*DATA PROVIDED*:
BEGIN
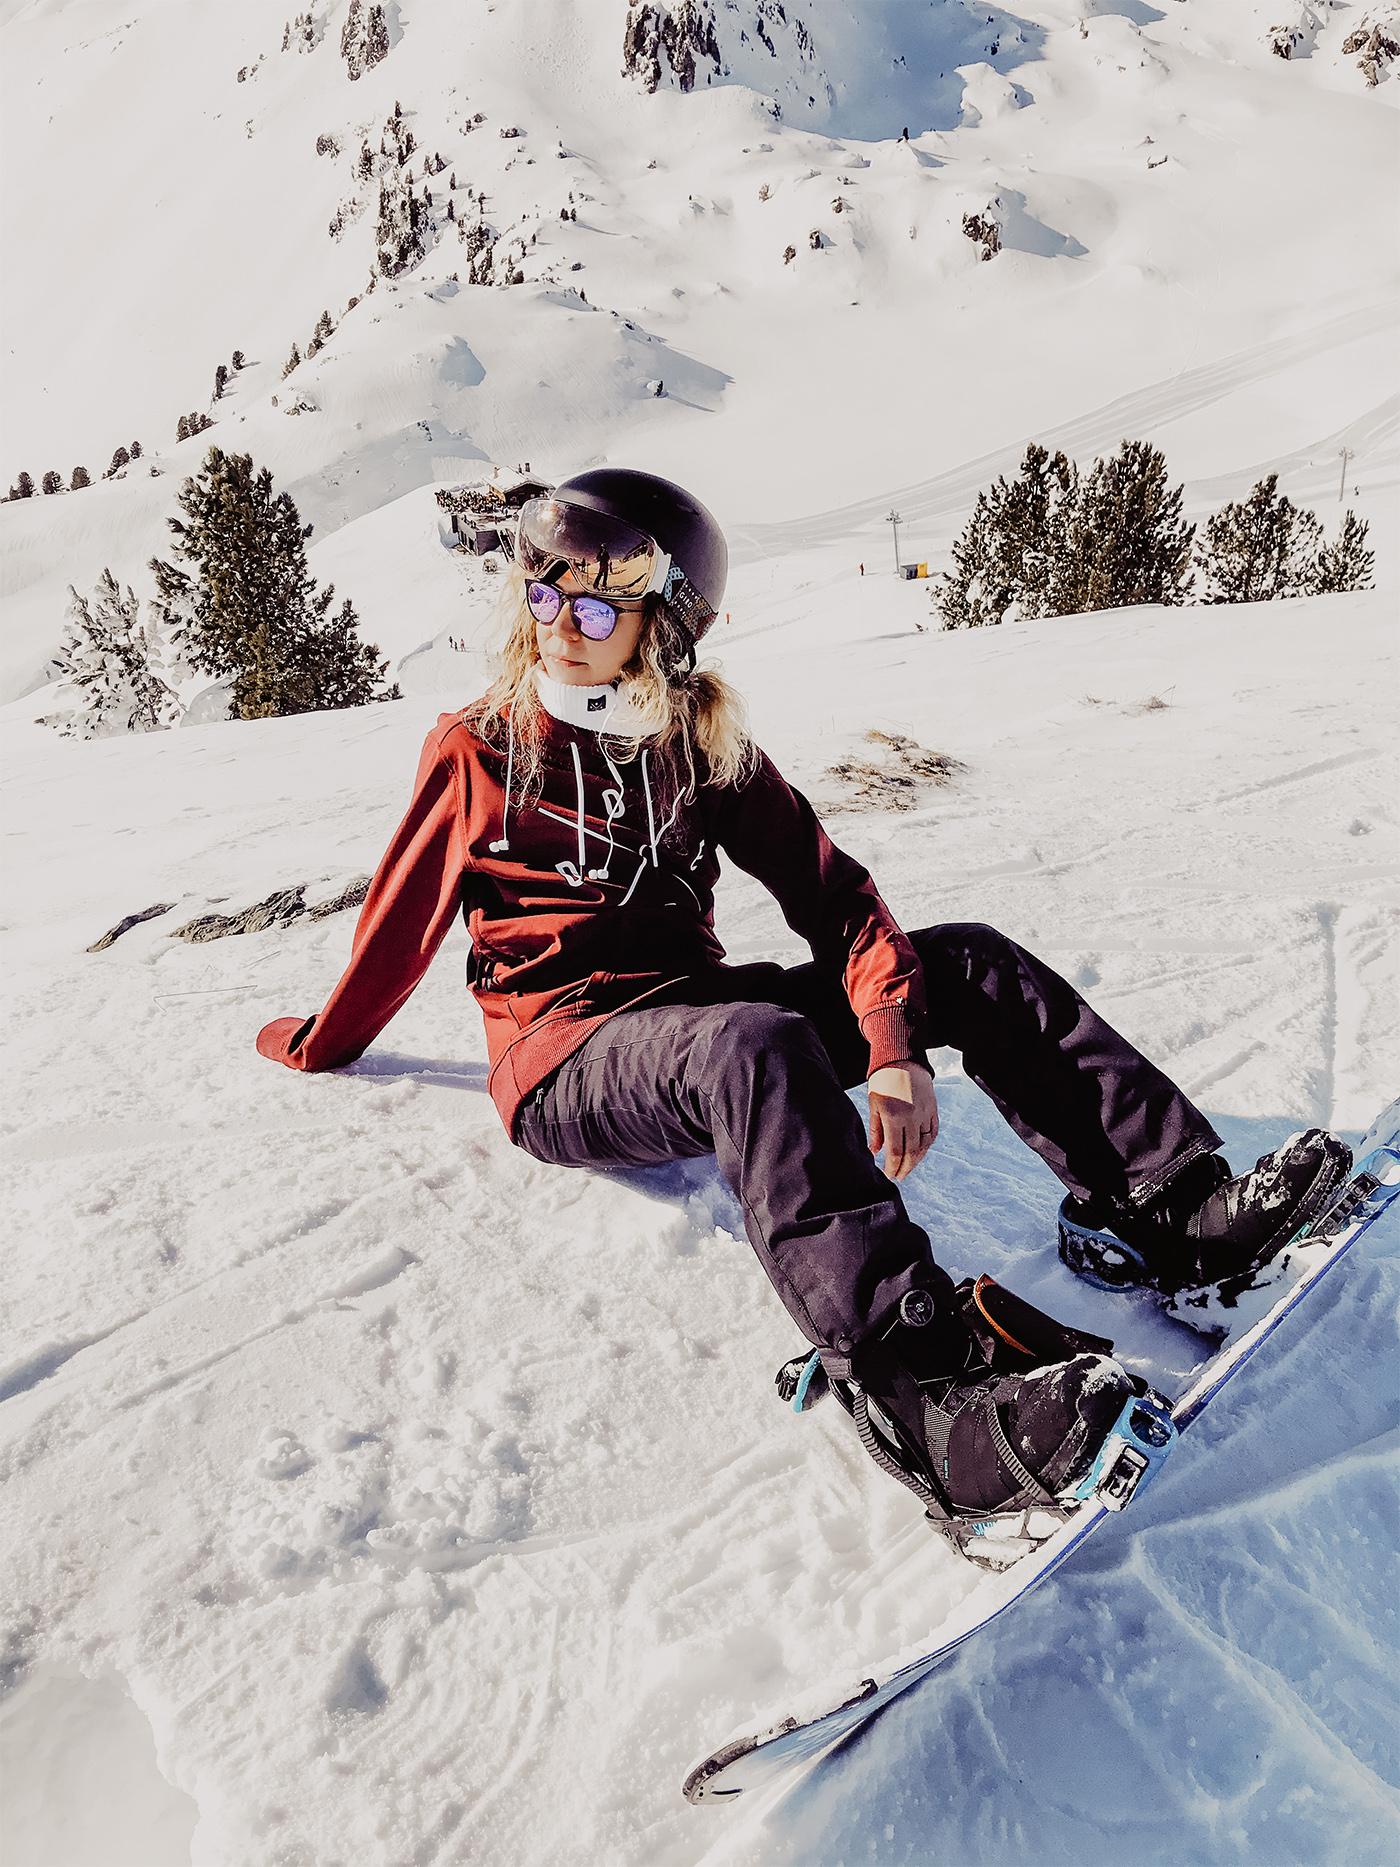 snowboard lernen tipps kurs
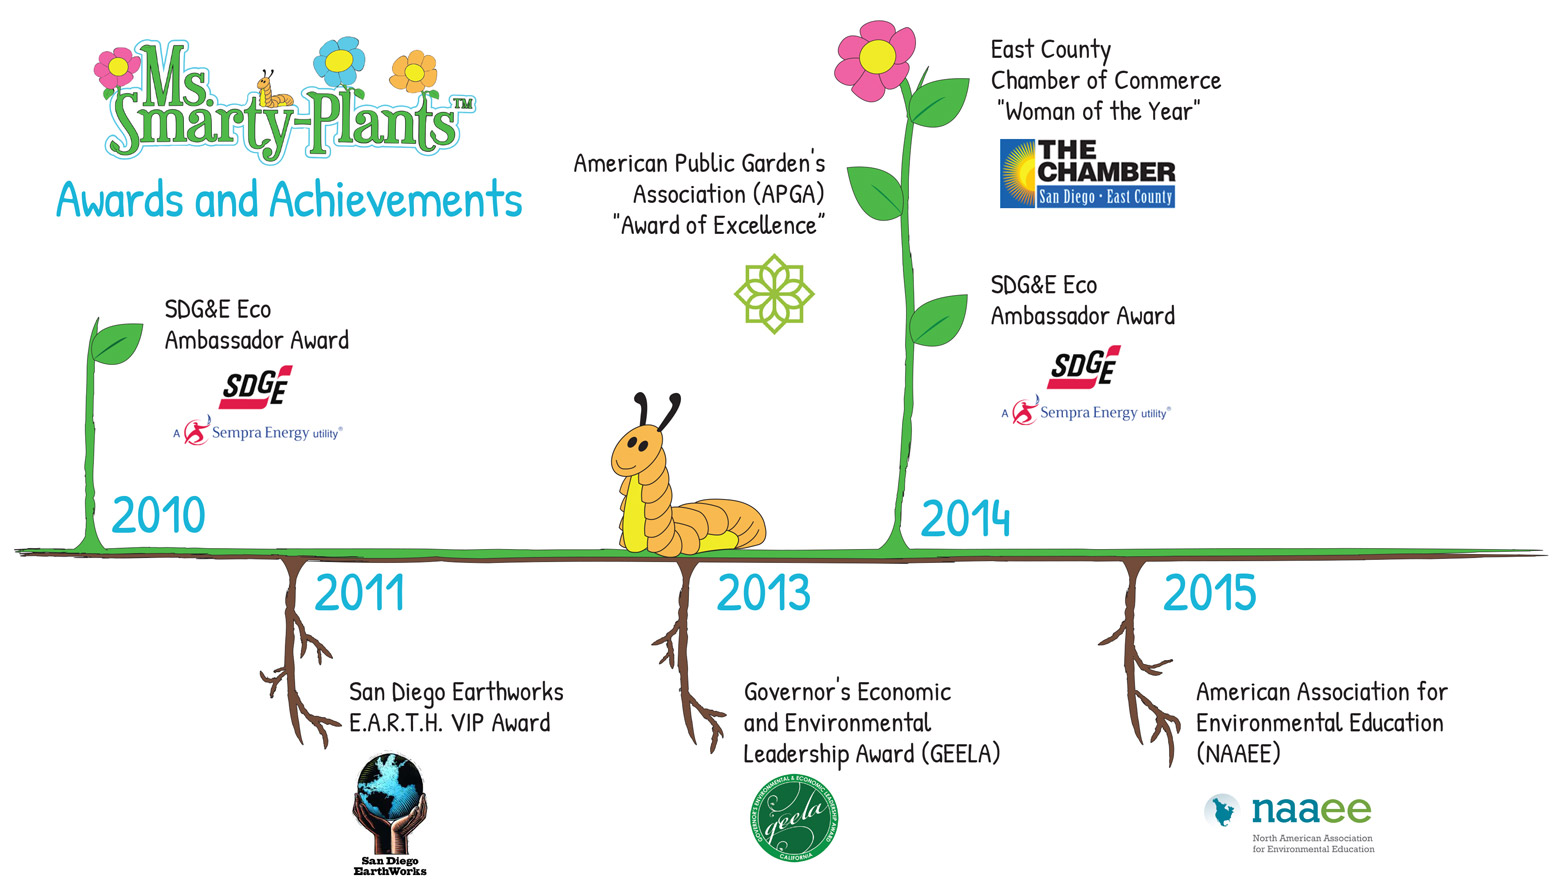 awards-timeline-1560-2
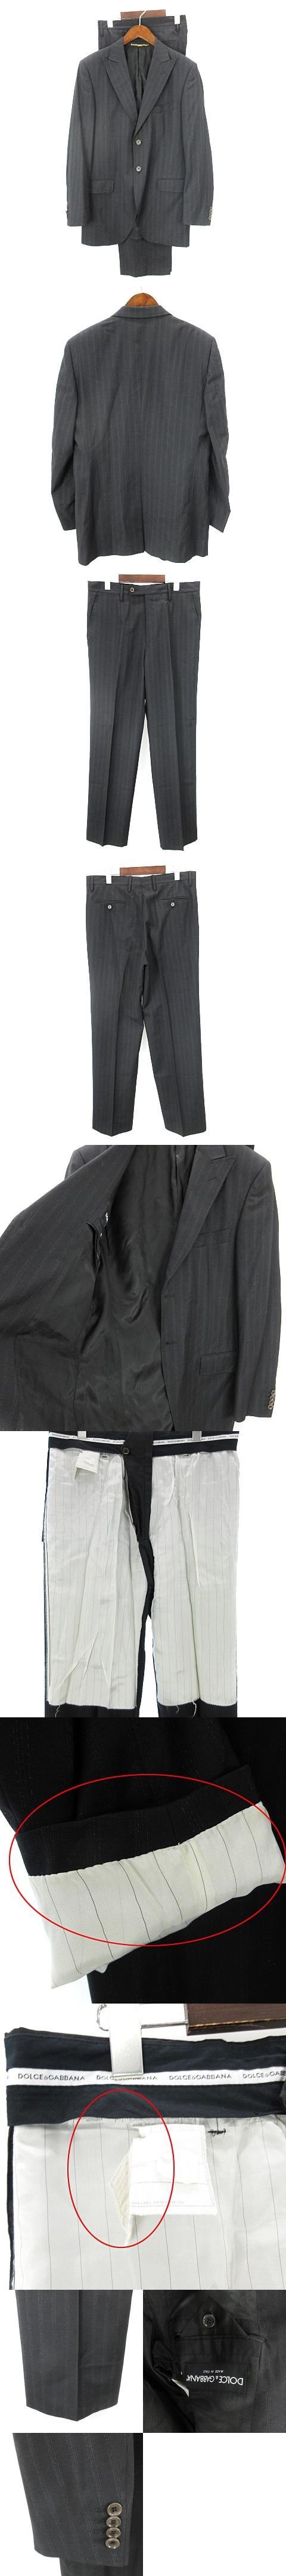 スーツ セットアップ シングル 2B ストライプ 黒系 ブラック 50 ☆AA★
END
*WHAT TO WORK ON*: Please set down the whole listing above exactly and skip every picture.

*RESULT*:
 snowboard lernen tipps kurs
 awards-timeline-1560-2
 スーツ セットアップ シングル 2B ストライプ 黒系 ブラック 50 ☆AA★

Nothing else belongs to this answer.